• **WORK TO COMPLETE**: Restate word for word the lines below from the one that has "Aggiunta tema gratuito" through the one that has "Колишній в'язень Кремля", keeping both and dropping all pictures.

• **GIVEN RECORDS**:

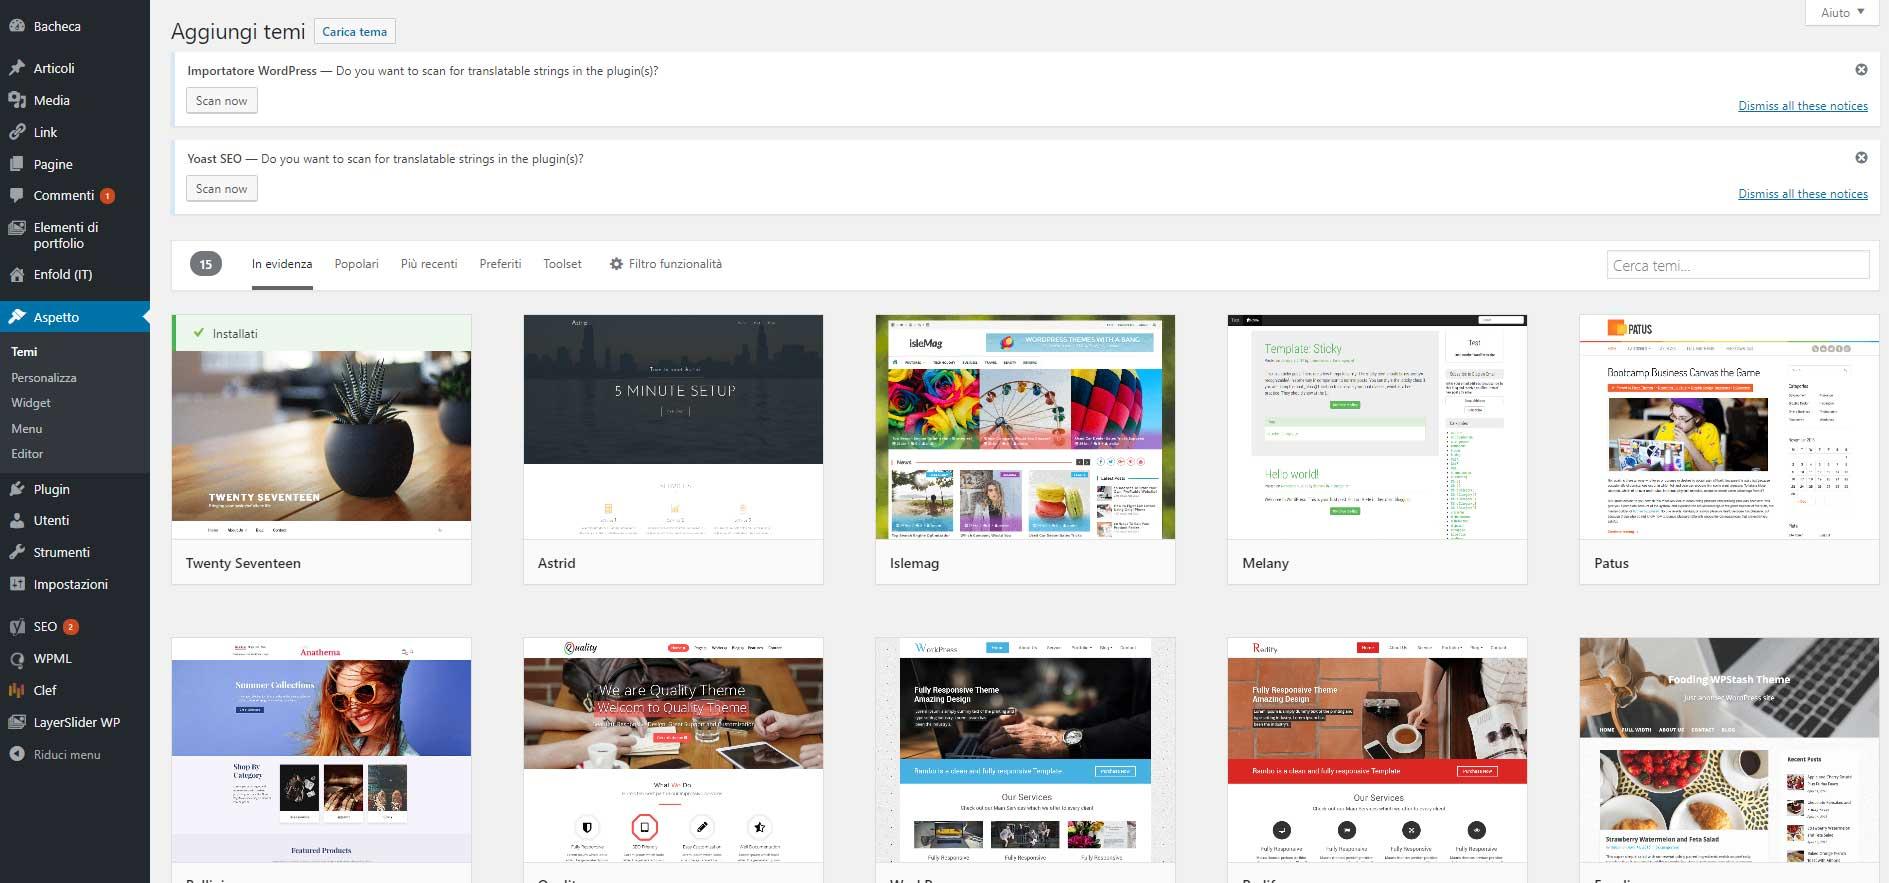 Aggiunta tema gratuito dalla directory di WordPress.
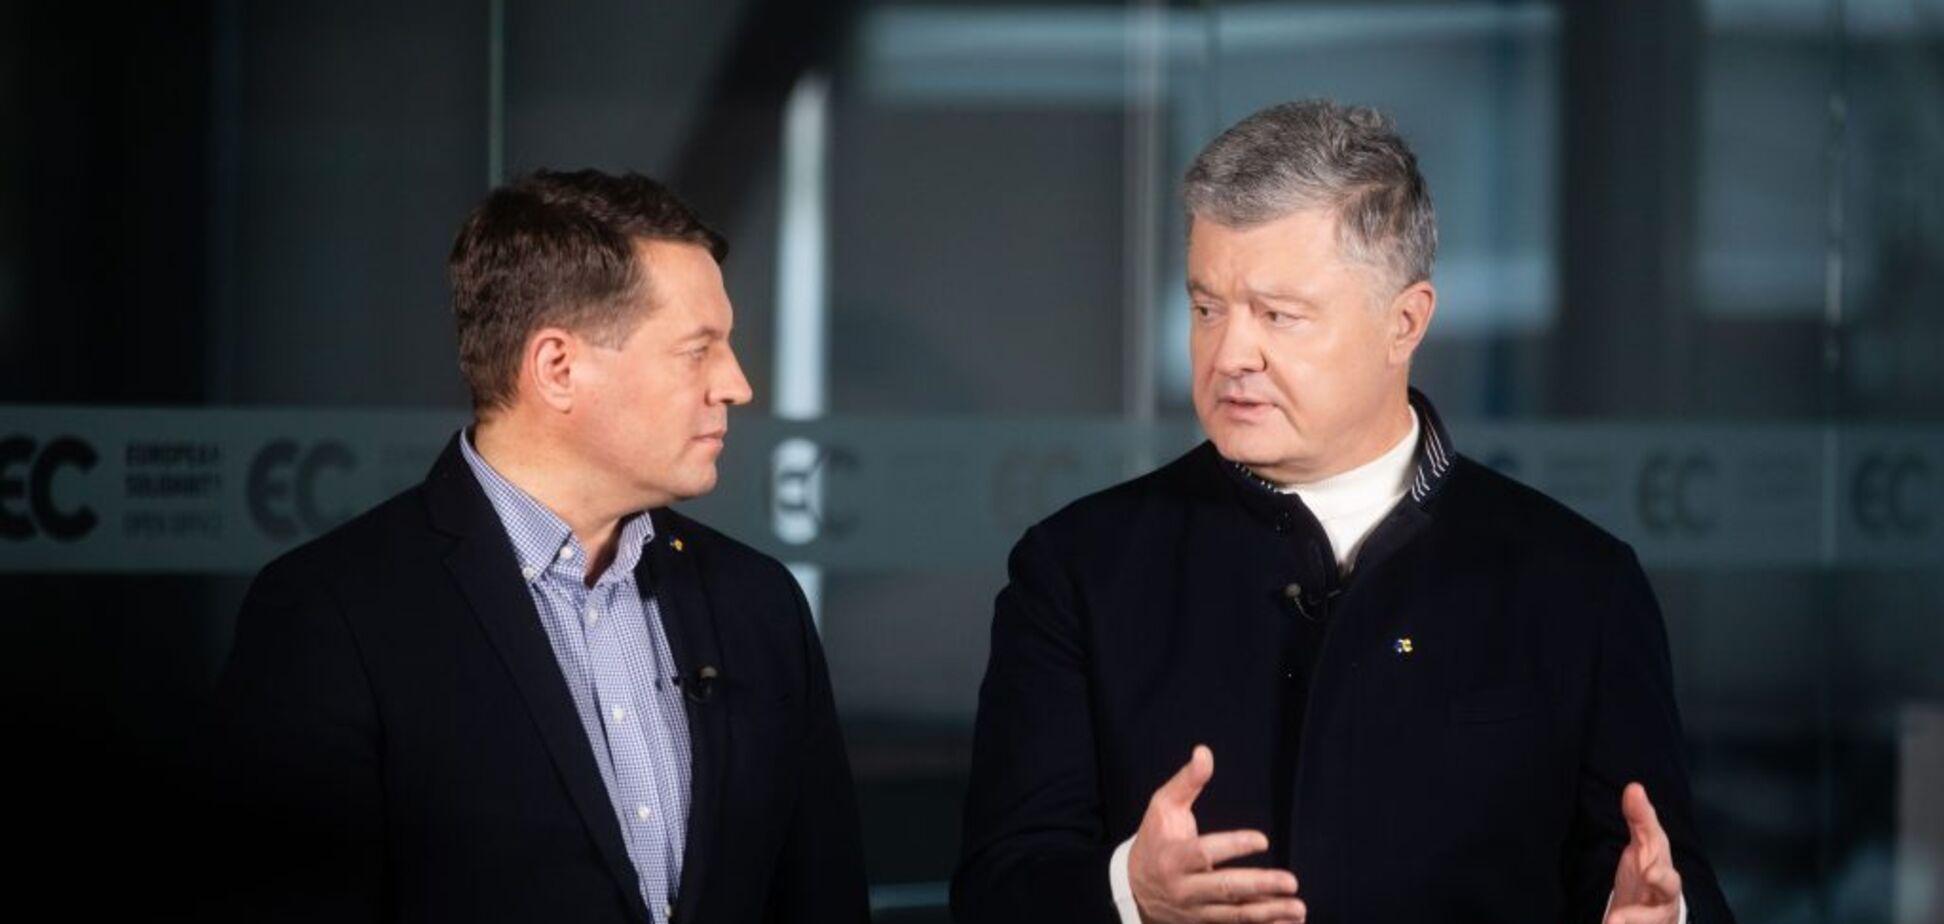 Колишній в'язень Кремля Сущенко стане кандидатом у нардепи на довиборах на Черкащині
---
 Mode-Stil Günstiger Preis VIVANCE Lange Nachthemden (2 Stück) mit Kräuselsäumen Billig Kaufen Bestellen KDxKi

• **ANSWER SPACE**:
 Aggiunta tema gratuito dalla directory di WordPress.
 Колишній в'язень Кремля Сущенко стане кандидатом у нардепи на довиборах на Черкащині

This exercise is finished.